--- Your instructions ---
Give back, unaltered, the lines from the one with "Azerbaijani Ritual Shadda" to the end of the material, omitting pictures.

--- The data ---
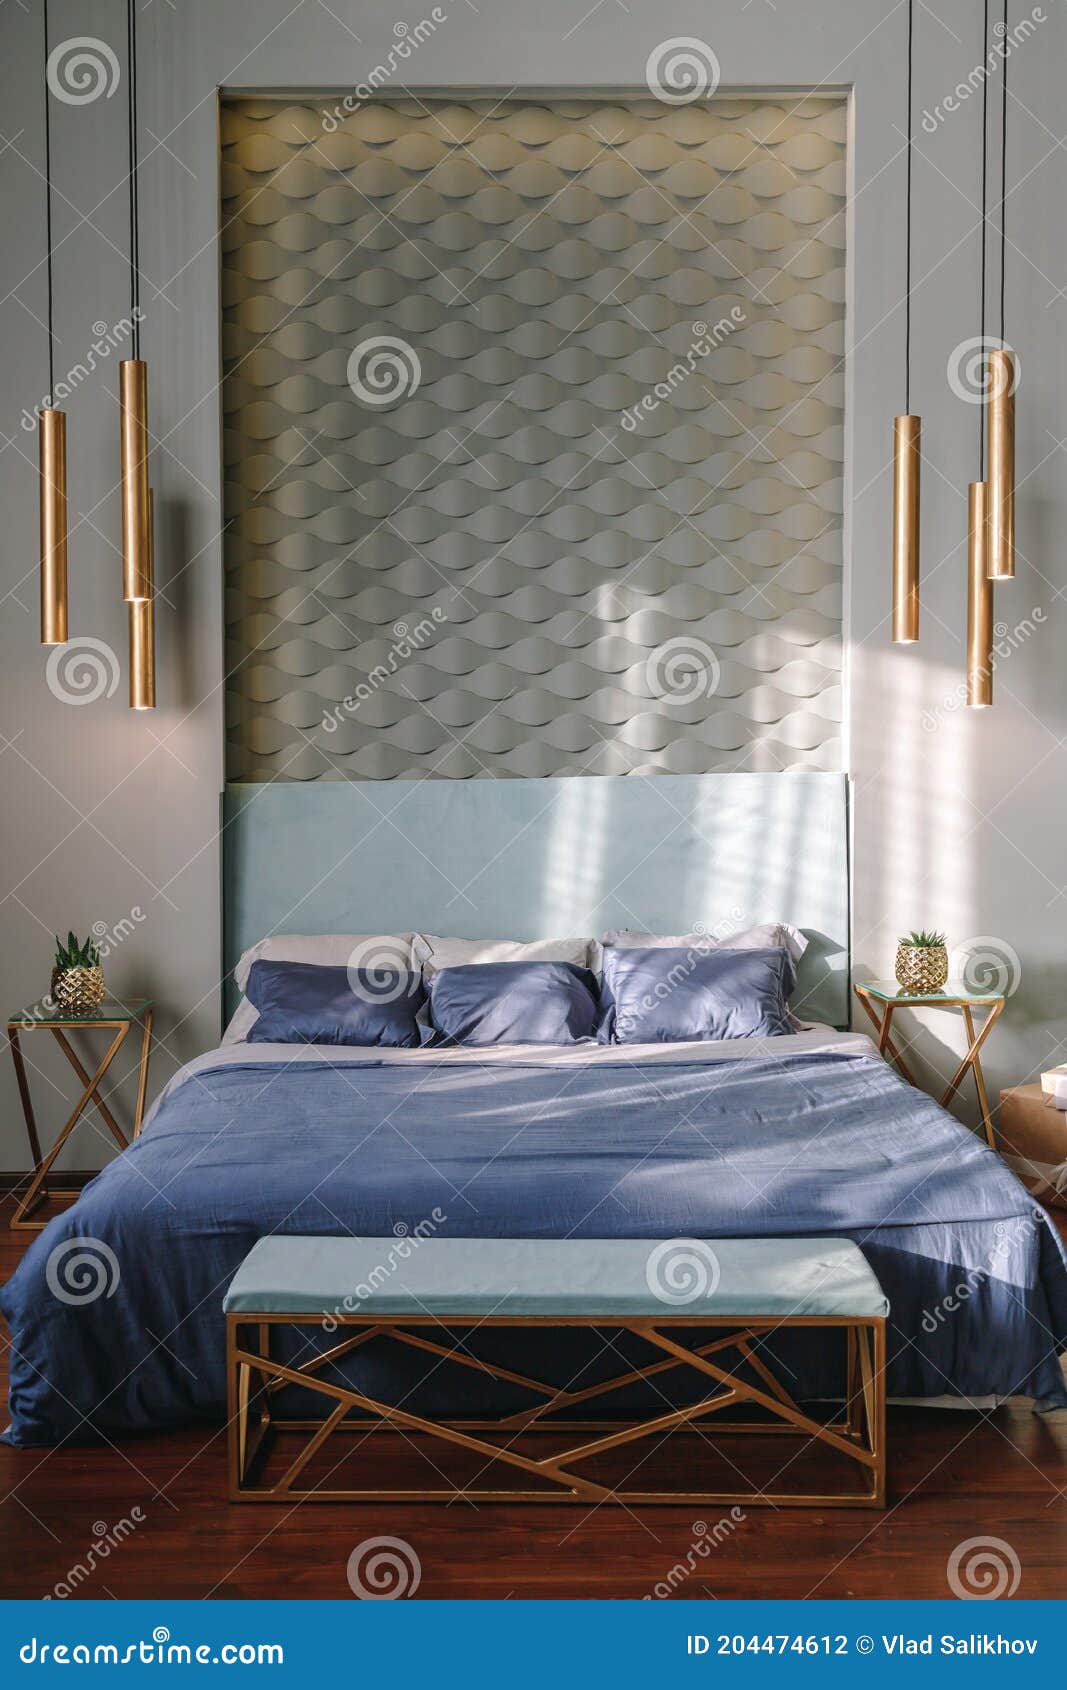 Wealthy Rich Room. Glamorous, Elegant Baroque Dream Bedroom Design ...
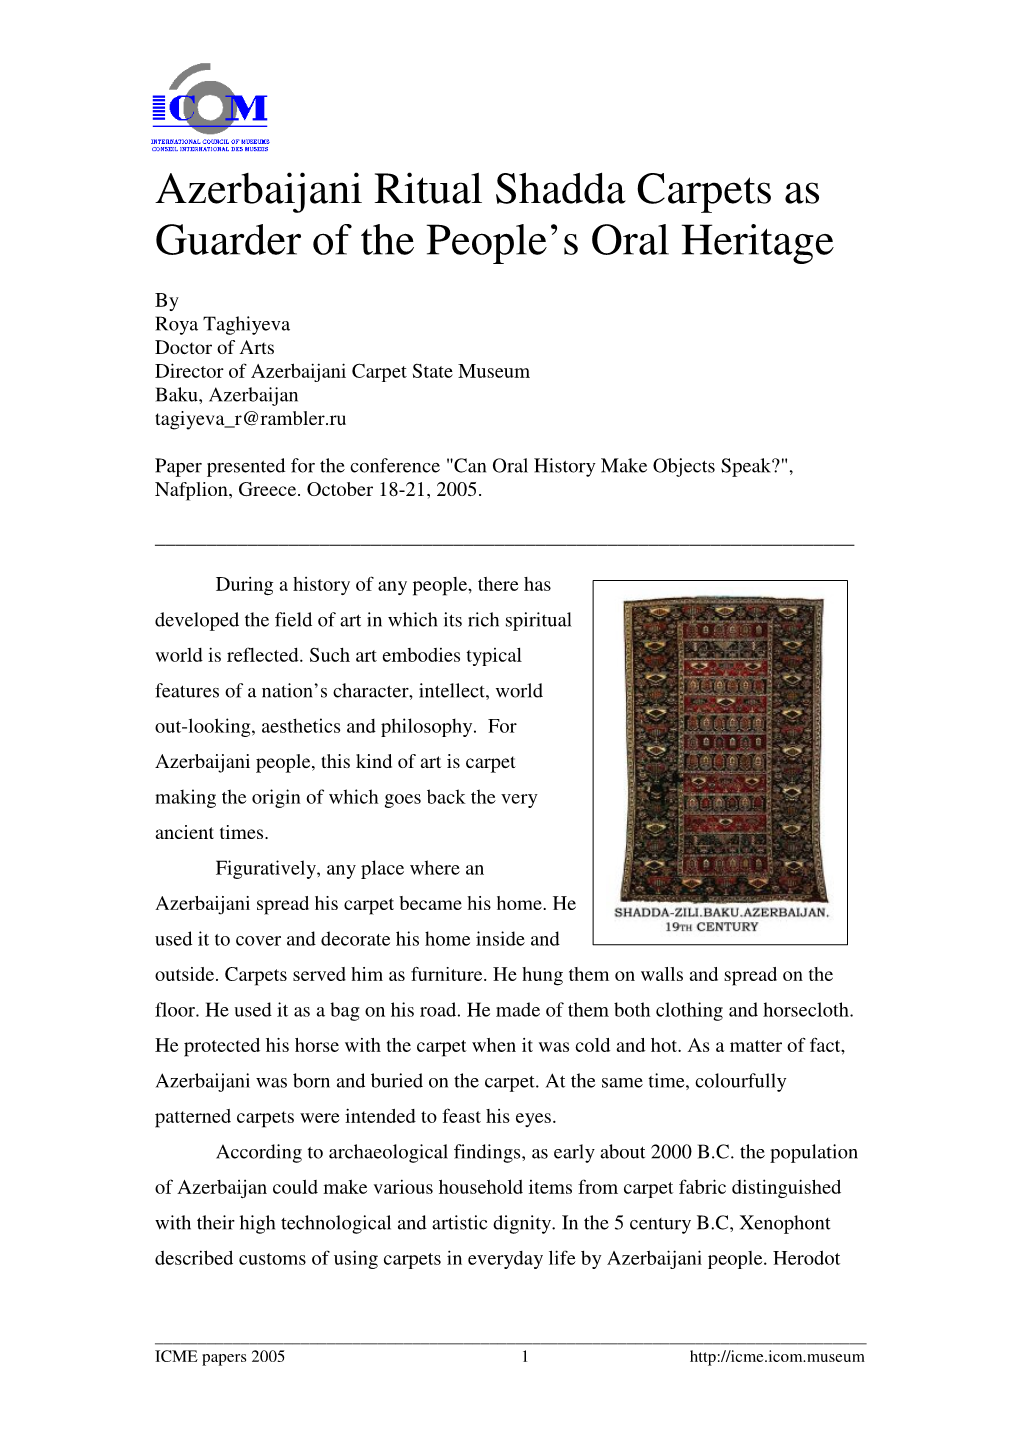 Azerbaijani Ritual Shadda Carpets As Guarder of the People's Oral Heritage
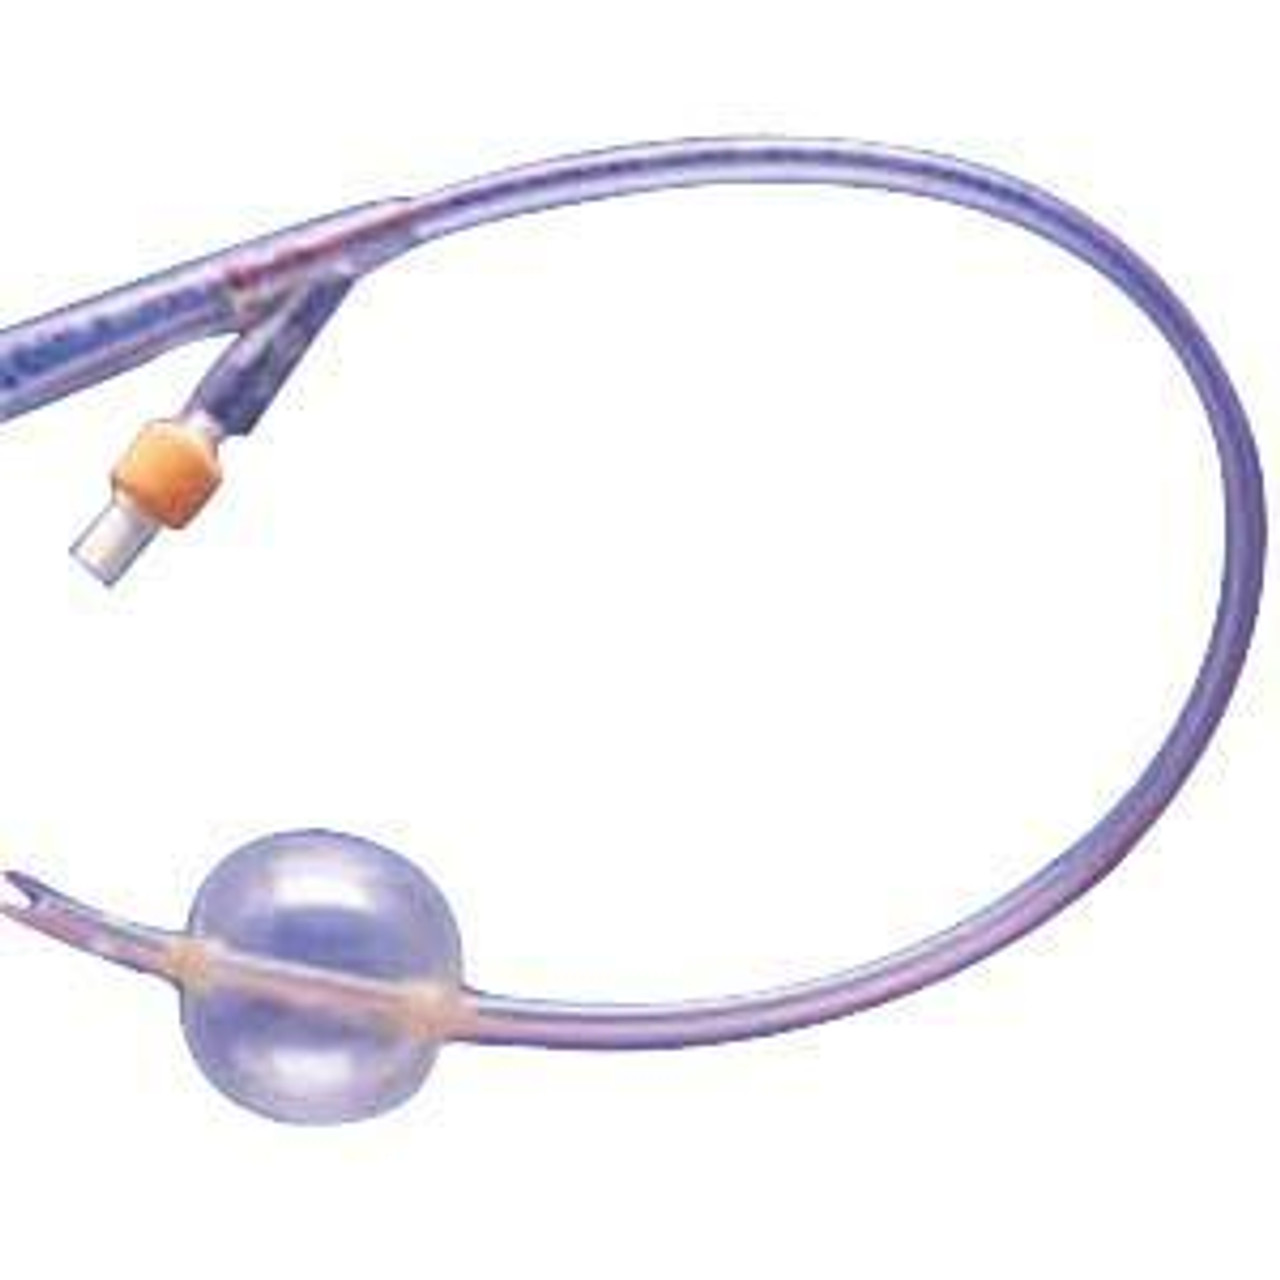 Soft Simplastic 2-Way Foley Catheter 22 fr 30cc-SP BX/10 (RUS-442622) (RUS-442622)

--- Finished task ---
 Azerbaijani Ritual Shadda Carpets As Guarder of the People's Oral Heritage
 Soft Simplastic 2-Way Foley Catheter 22 fr 30cc-SP BX/10 (RUS-442622) (RUS-442622)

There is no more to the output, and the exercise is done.